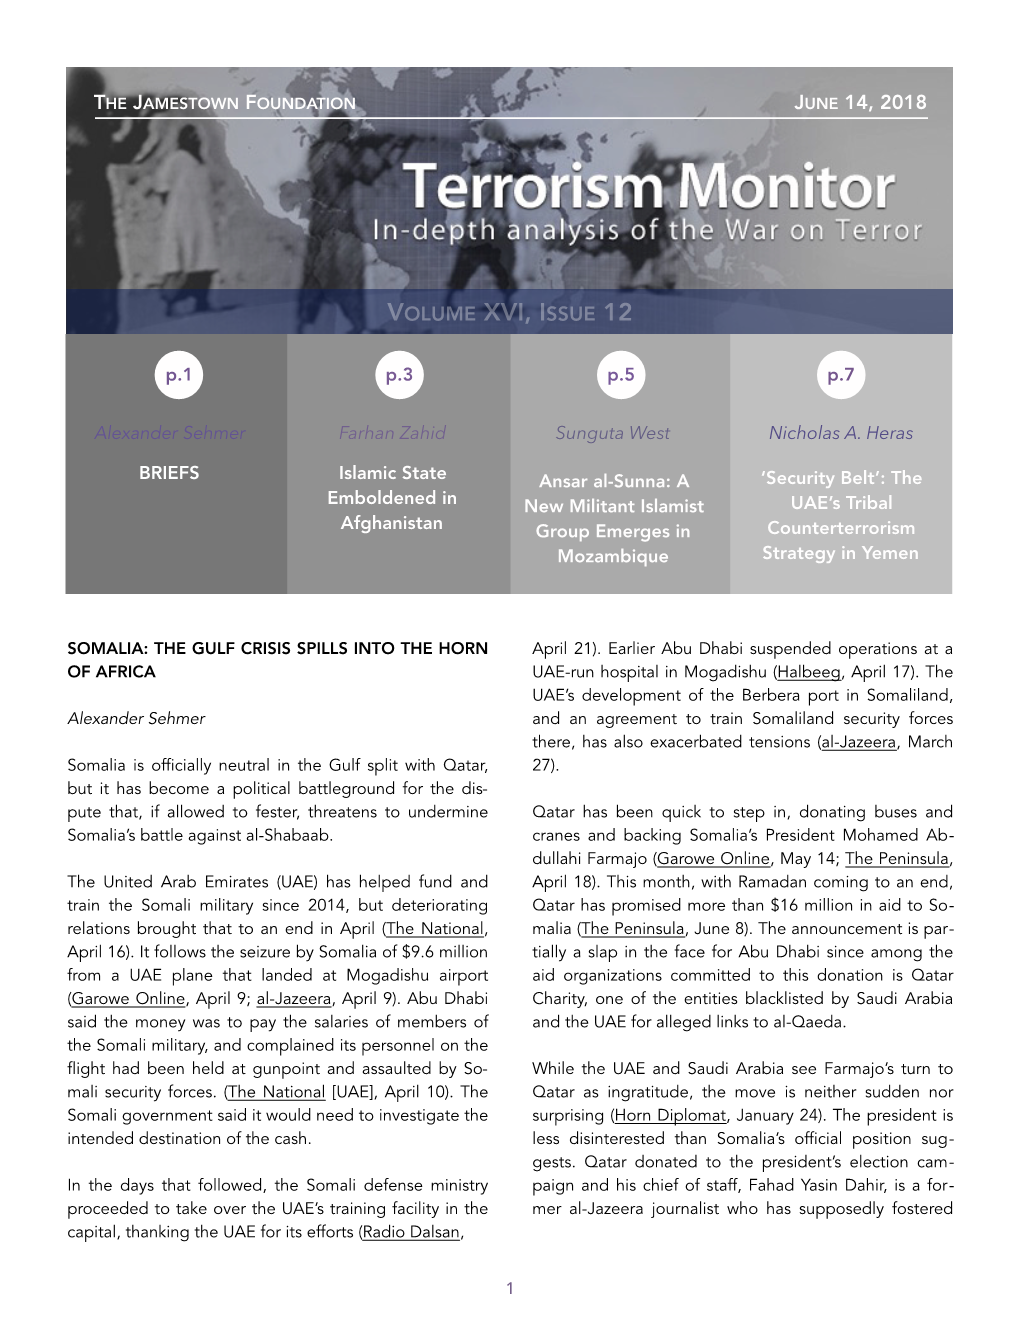 Terrorism Monitor, October 24, 2014)
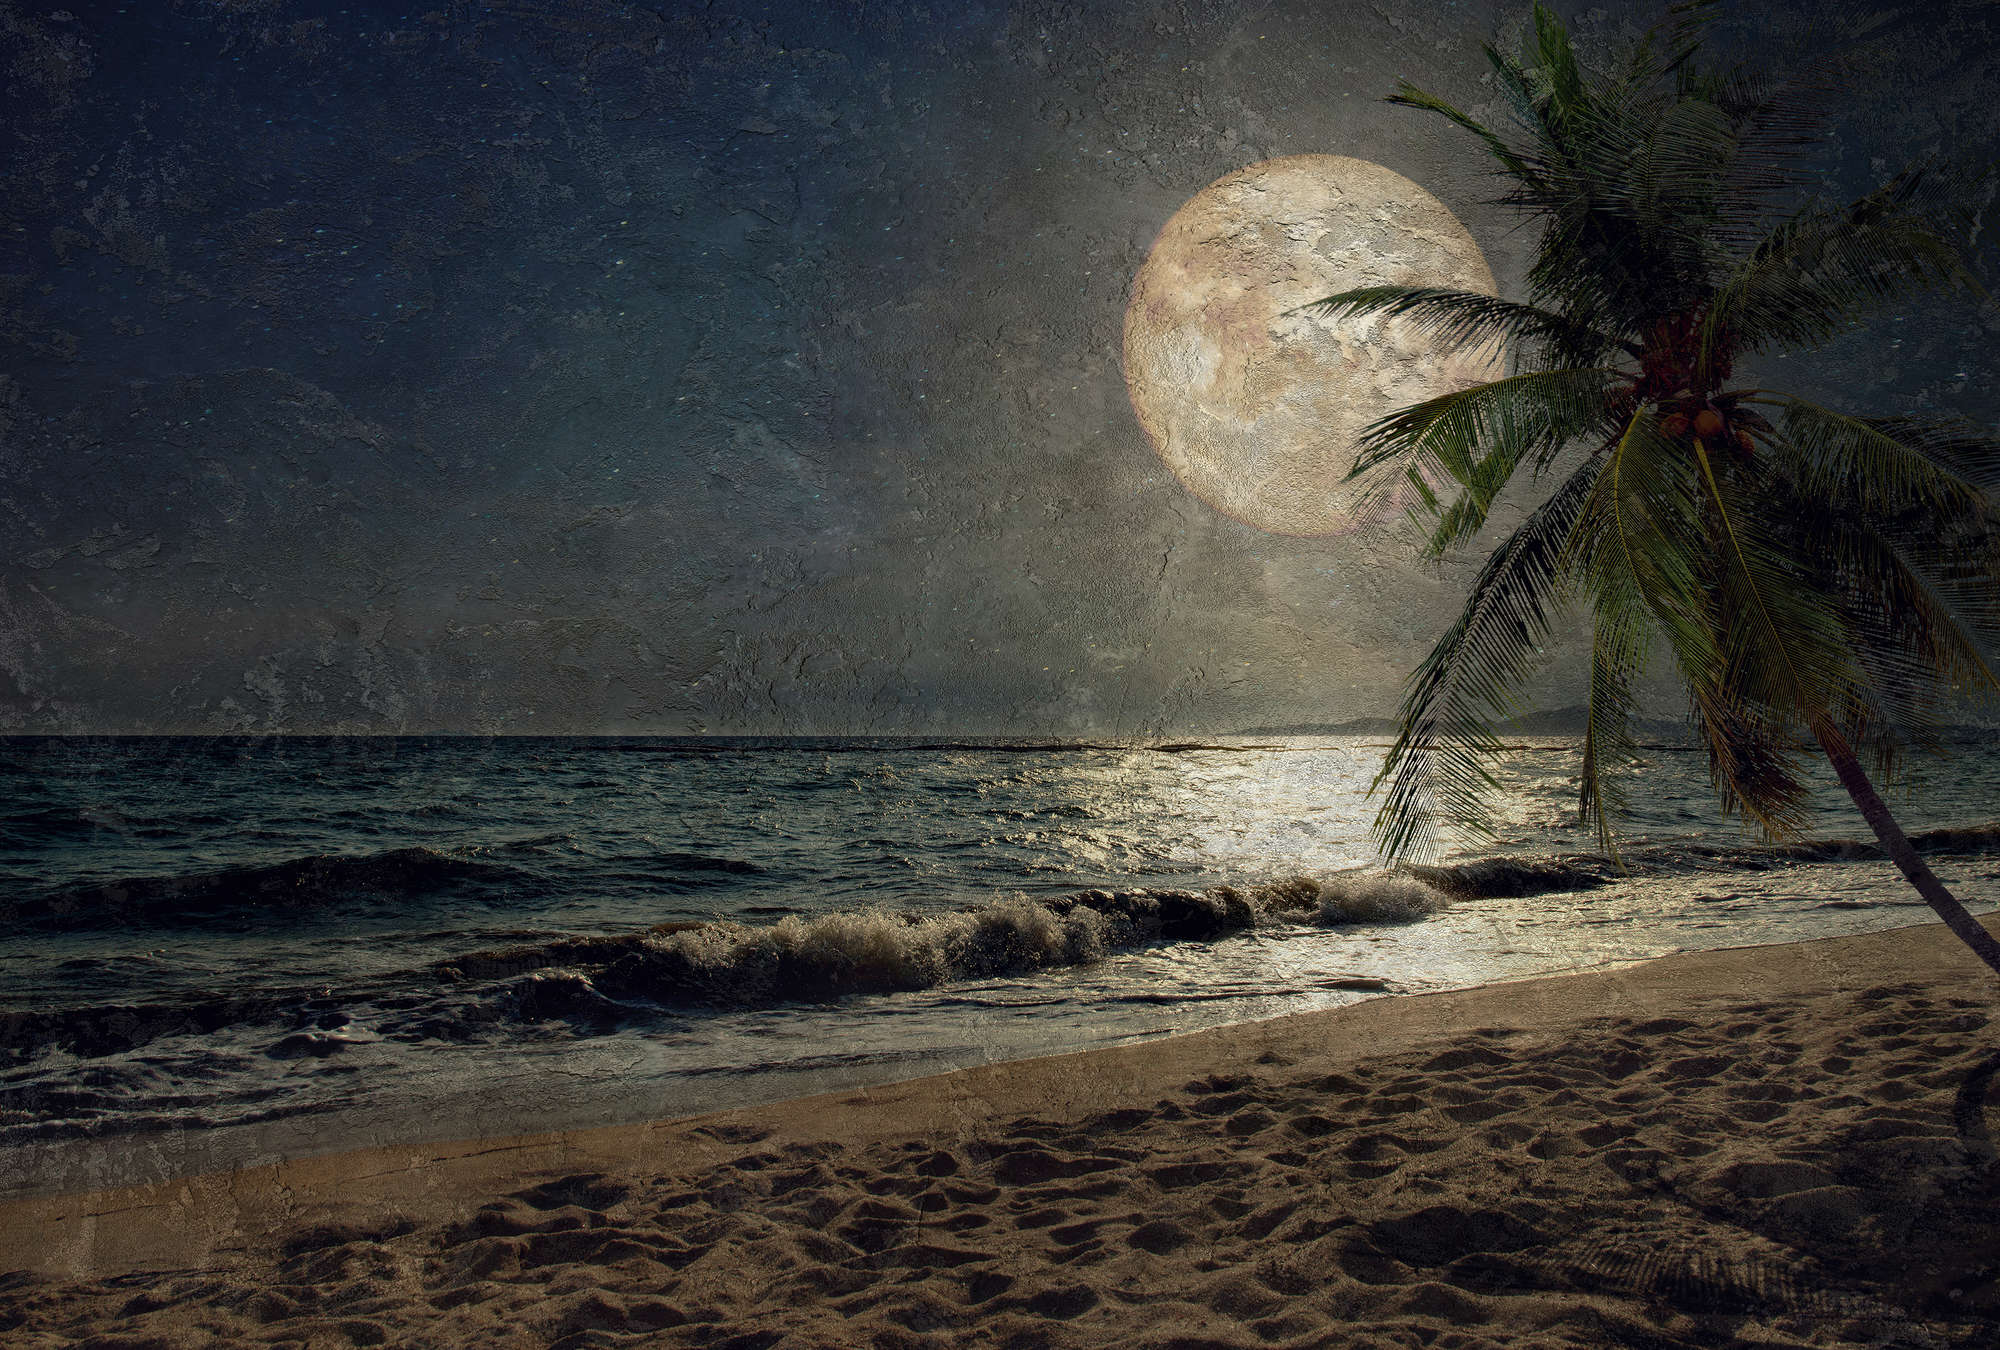             Carta da parati in stile artistico "Spiaggia, vista mare e luna" - Bianco, marrone, blu
        
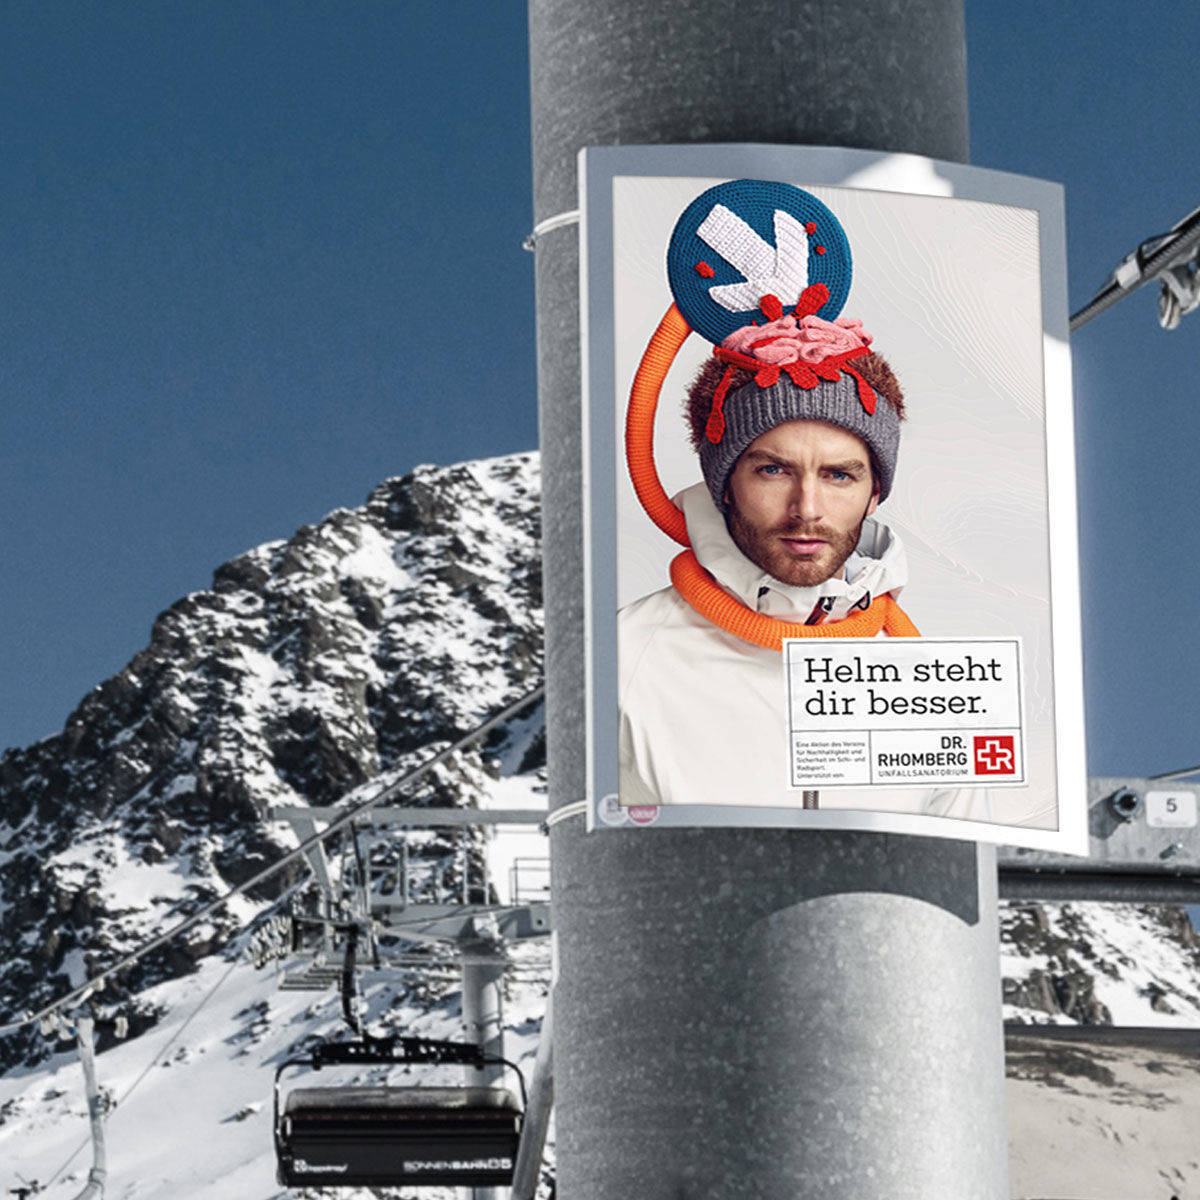 Motiv der Hello-Kampagne für das Skigebiet Lech Zürs.
..............................
Exercise description
Could you write out every line above exactly as it stands, with no images?

Exercise solution
 Terrorism Monitor, October 24, 2014)
             Carta da parati in stile artistico "Spiaggia, vista mare e luna" - Bianco, marrone, blu
        
 Motiv der Hello-Kampagne für das Skigebiet Lech Zürs.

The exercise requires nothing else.